While Deepika, Majhi and Biruily have qualified for next year’s Rio Olympics team event, their participation hinges on Indian selectors’ appraisal of their performance in various tournaments in the lead-up to the world’s biggest sports extravaganza.

“Unlike Champia, who has qualified for Olympics in his individual capacity and will, therefore, compete in Rio, the women will need to maintain their performance in upcoming national and international competitions for getting selected in the Indian squad,” explained V.V.S.N. Rao, former technical director of Tata archery cradle.

“Hence, the upcoming events are very crucial for the women archers,” he said.

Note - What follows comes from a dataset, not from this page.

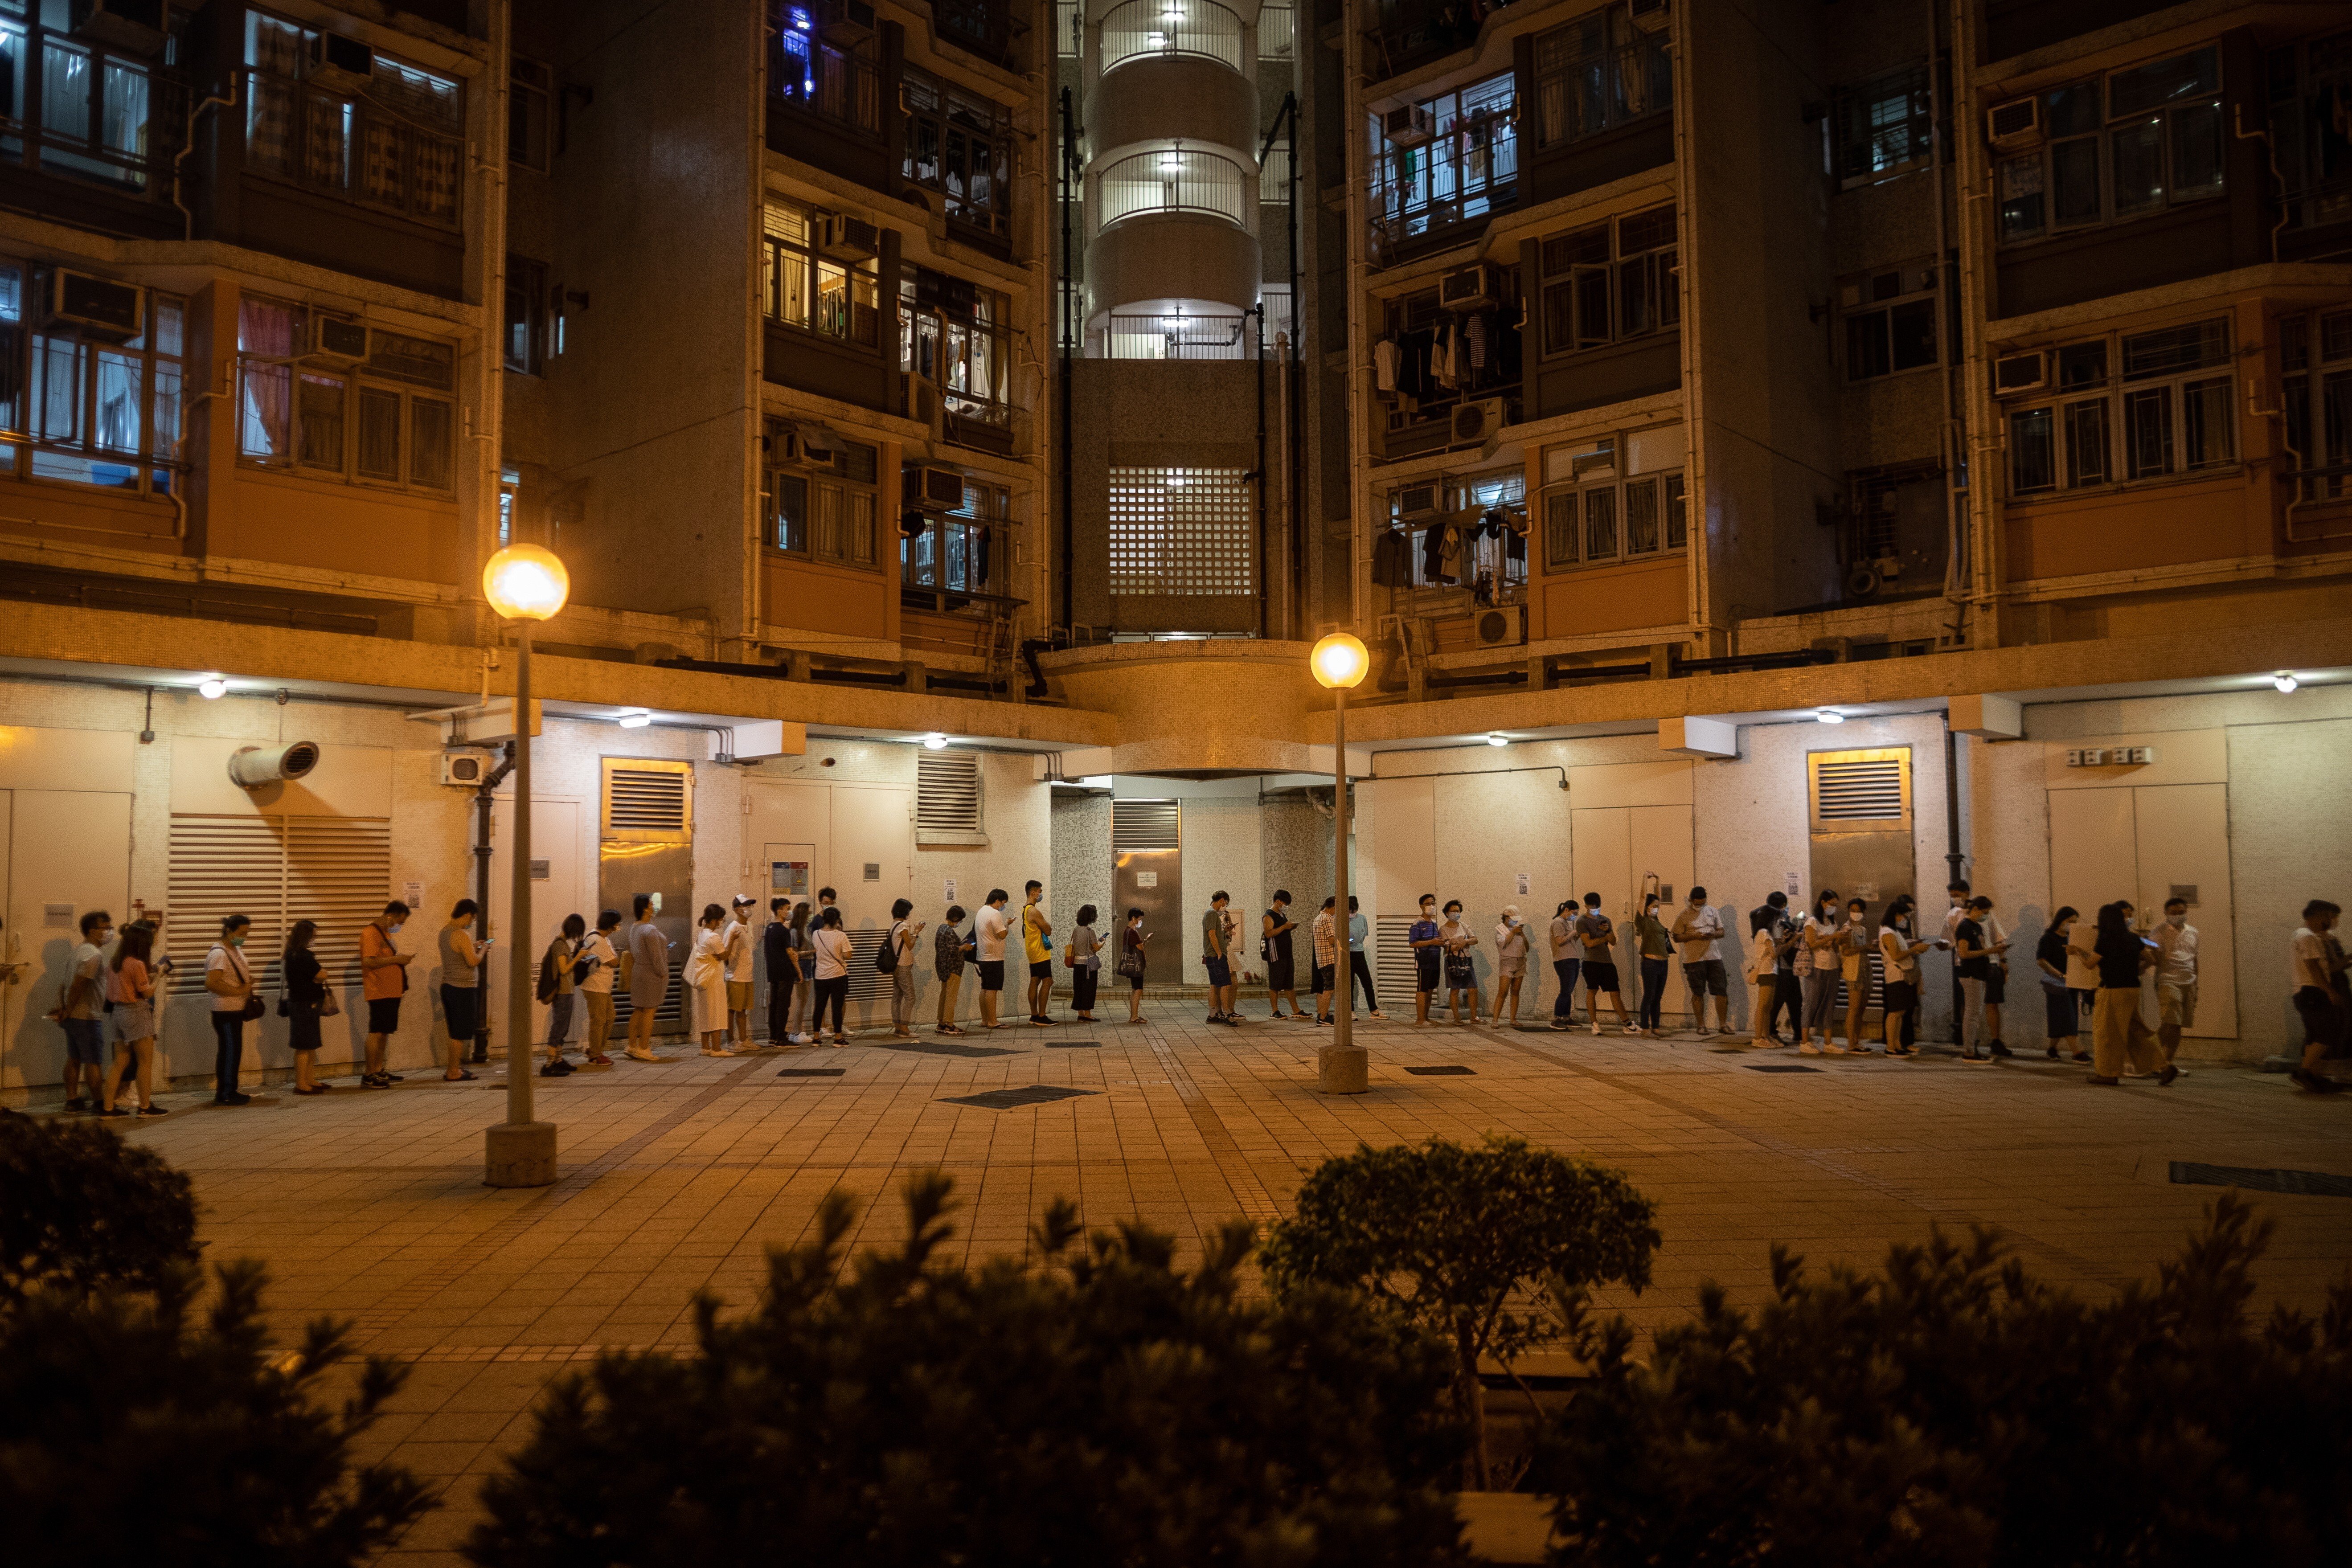 Voters wait in line during the “35-plus” primaries on July 11, 2020, held to select pro-democrat candidates for the since postponed Legislative Council elections in Hong Kong. Photo: EPA-EFE

Tiwary explained that Deepika was a top-bracket archer who was a seasoned performer with a hunger to do well. “When she was new to archery, Deepika used to shoot well with a free mind. But that is not the situation now. She may be feeling bogged down by the pressure to perform. This happens when one becomes seasoned. Remember, Deepika is in archery for more than a decade now,” he explained.

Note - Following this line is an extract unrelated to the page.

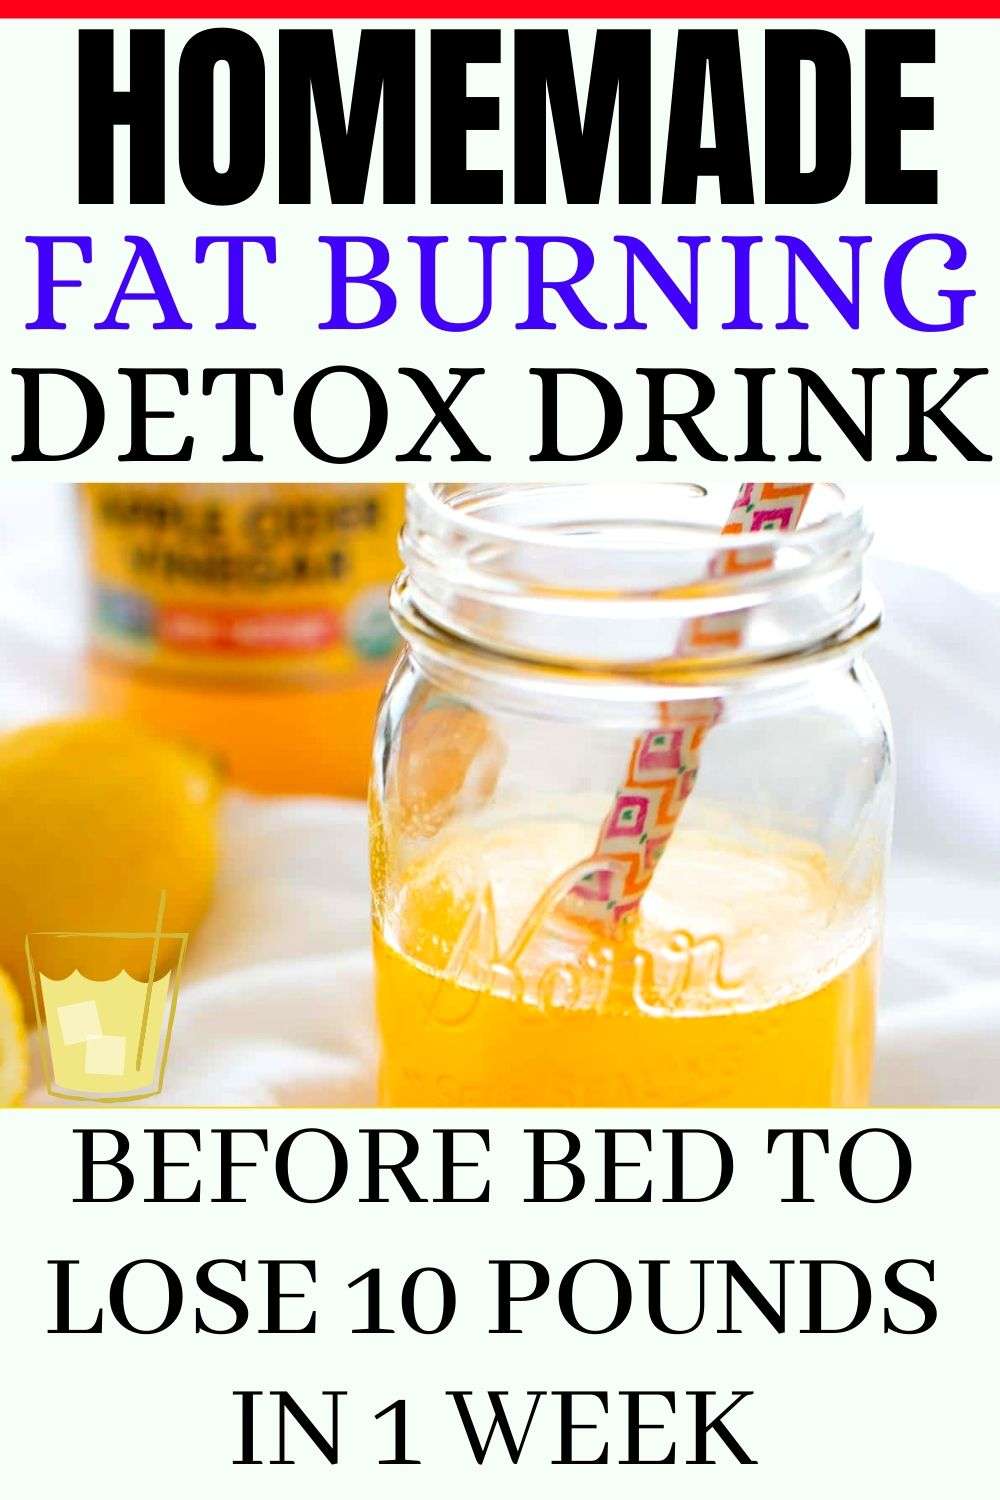 Fat Burning Detox Drink Before Bed To Lose 10 Pounds In 1 ...

I’ve written before about the endemic sexism in the Indian media about Deepika Kumari​ and unfortunately, it shows no sign of going away. But when her own coaches help to stick the knife in, it seems particularly awful.

I’m struggling to think of any other country or NGB that would undermine its own elite Olympic athletes by detailing their perceived faults in public, to the press. Unfortunately, it only seems to happen to female athletes, and Kumari in particular, despite her relatively strong season so far and anchoring a team that qualified for Rio.

Even worse is the incorrect assertion that Mangal Singh Champia qualified himself personally for Rio, when he only qualified a individual place for Indian men. I suppose the Indian archery association might have some internal code about what would happen in Copenhagen qualification, but if what he is saying is true, i.e. Champia gained a place that was somehow ‘his’ by right but the women had to earn their places in a 2016 selection shoot (like most  other nations) then surely that would be deeply unethical, not to mention possibly illegal?

Even if he is just wrong, the choice of words is telling. It’s not so surprising in a country recently cited as the worst G20 country in which to be a woman, but a lot of attitudes in the world of Indian sport seem stuck firmly in the nineteenth century – and the country’s media still apparently do nothing to help.